Please note that, even though Figure 9 and Figure 10 are shown for a single point along the atomization longitudinal axis (x/dg~30), one can reproduce similar predictions, based on paramount non-dimensional parameters, for other points along this axis, wherein breakup is finished.

Presenting a conservation-based model to predict major quality measures of two-fluid nozzles can help improve performance of equipment and scale-up, and complement CFD of sprays. During scale-up process, a rough estimation of droplet size and velocity distribution would bring in substantive information on determining design specifications to reach similar product quality across different scales. The bottleneck in this area is to tailor sprays to have analogous droplet size and proportional velocity so that droplets across various scales experience similar evaporation rates, and therefore no loss in powder quality [1,4].

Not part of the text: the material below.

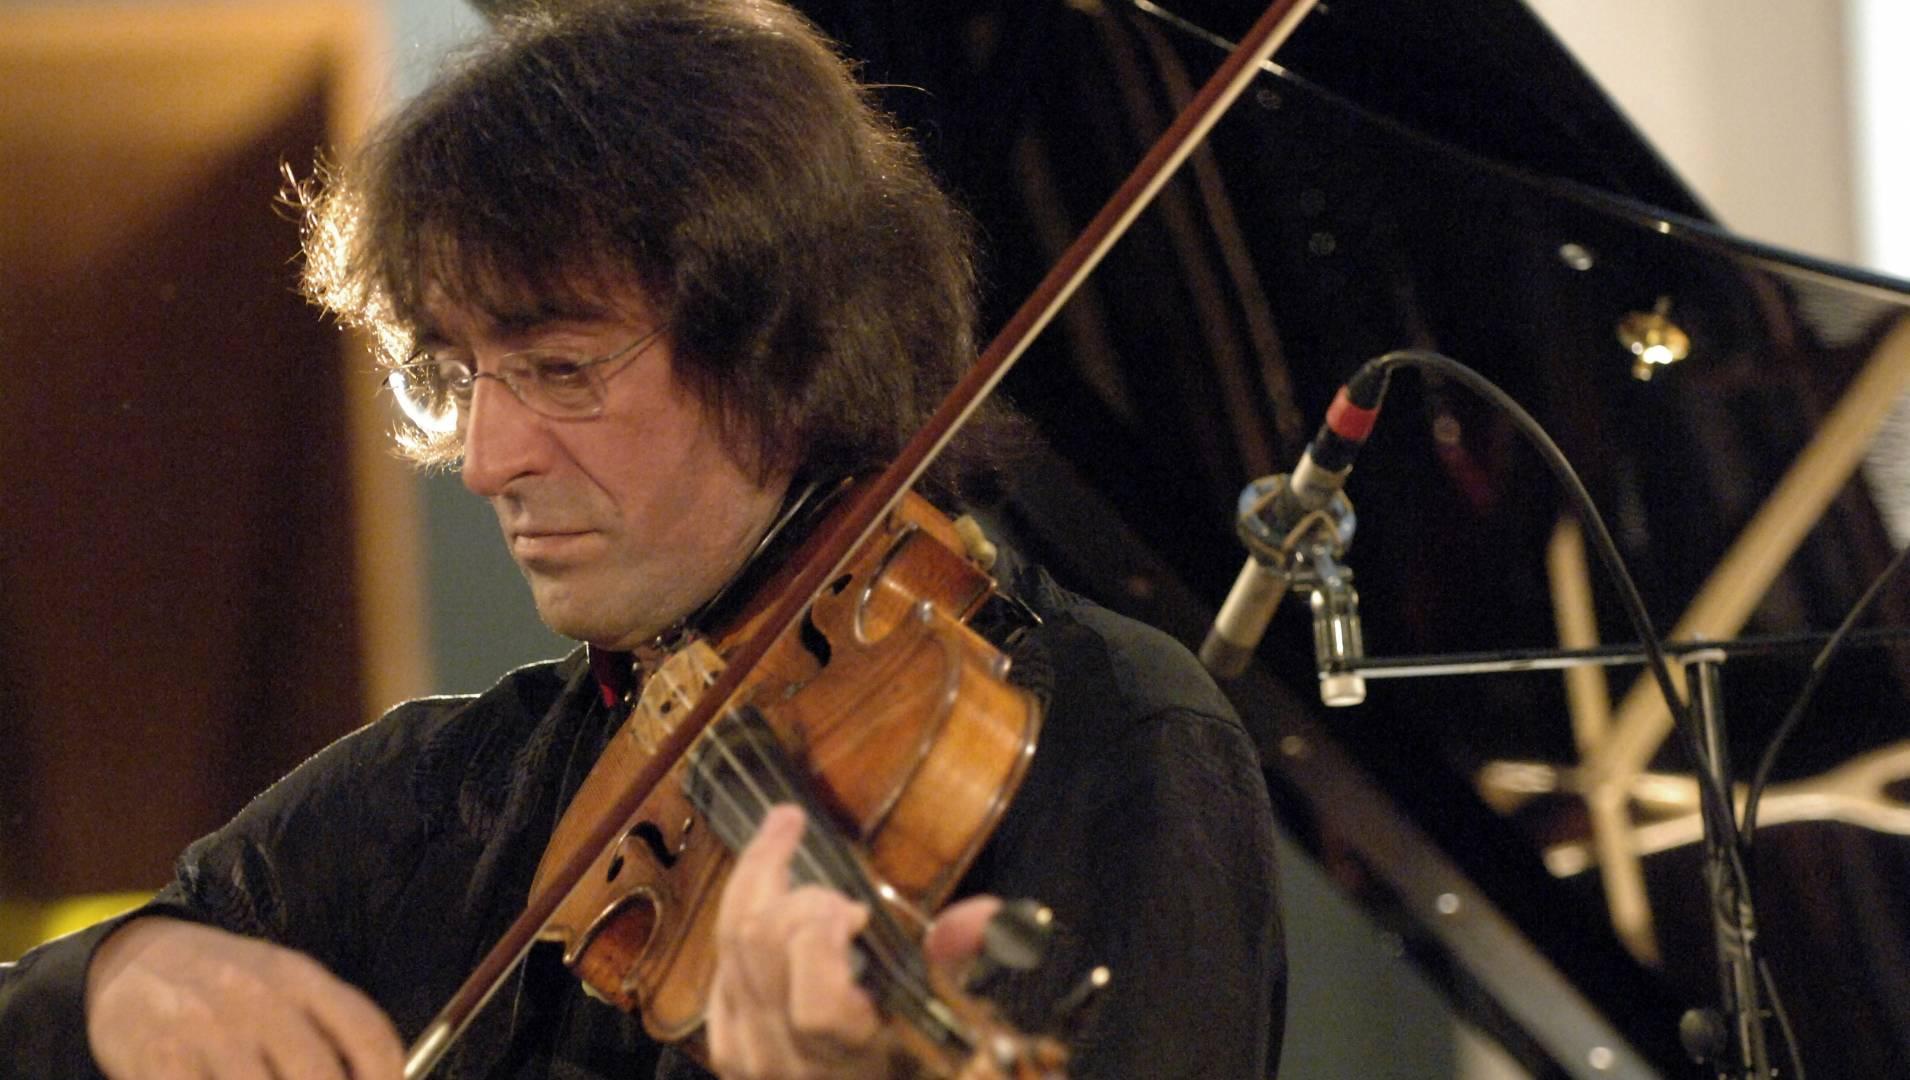 Юбилейный концерт Юрия Башмета - Концерт

Furthermore, during CFD analysis of sprays, setting the initial conditions for the drop size and velocity has been the major obstacle in accurate simulations. Once the initial drop size and velocity are properly set, then there are several reliable methods available for subsequent tracking of both the gas and liquid/solid phases, Eulerian–Lagrangian calculations of particulate systems [47,48]. Phase change and transfer of mass and energy can also be effectively treated using thermodynamic modules. Thus, a capability to specify the droplet initial conditions, based on the first principles, is vital to serve as a surrogate for ad hoc models presently used in many commercially available software packages.

5. Conclusions

This study investigated the characterization of spray issuing from a two-fluid nozzle adopted in a laboratory-scale spray dryer. With a simplified method based on conservation equations, the sensitivity of SMD and velocity distribution of both phases are examined in light of feed properties and process conditions. Additionally, experimental study was conducted at ambient conditions using water, methanol and acetone as model fluids to provide needed contrast in physiochemical properties, such as surface tension, density and viscosity. Spray quality—i.e., drop size distribution—and velocity were detected by a laser diffraction and high-speed camera, respectively, for qualitative investigation of primary atomization and calibration of our model. High fidelity of the employed model was confirmed by the agreement of the two experimental and model results. Lastly, an attempt was done to utilize non-scaled parameters to characterize the atomization process. Non-dimensional parameters driving underlying atomization were used to describe normalized droplet size and drop velocity. Although our analysis retained the essential transport mechanisms and could predict droplet size, velocity and equilibrium point (i.e., the point where droplet and gas velocities equilibrate), there are various effects that should be incorporated in future extensions of the model. For example, the impacts of viscosity were overestimated by the model. Moreover, descending droplet velocity after the turning point was not captured by the model. Future study will elaborate on these two challenges and offer remediate to further narrow the gap. The authors hope this simplified modelling tool provides rigorous estimation on pivotal spray characteristics needed for sensitivity analysis and scale-up processes.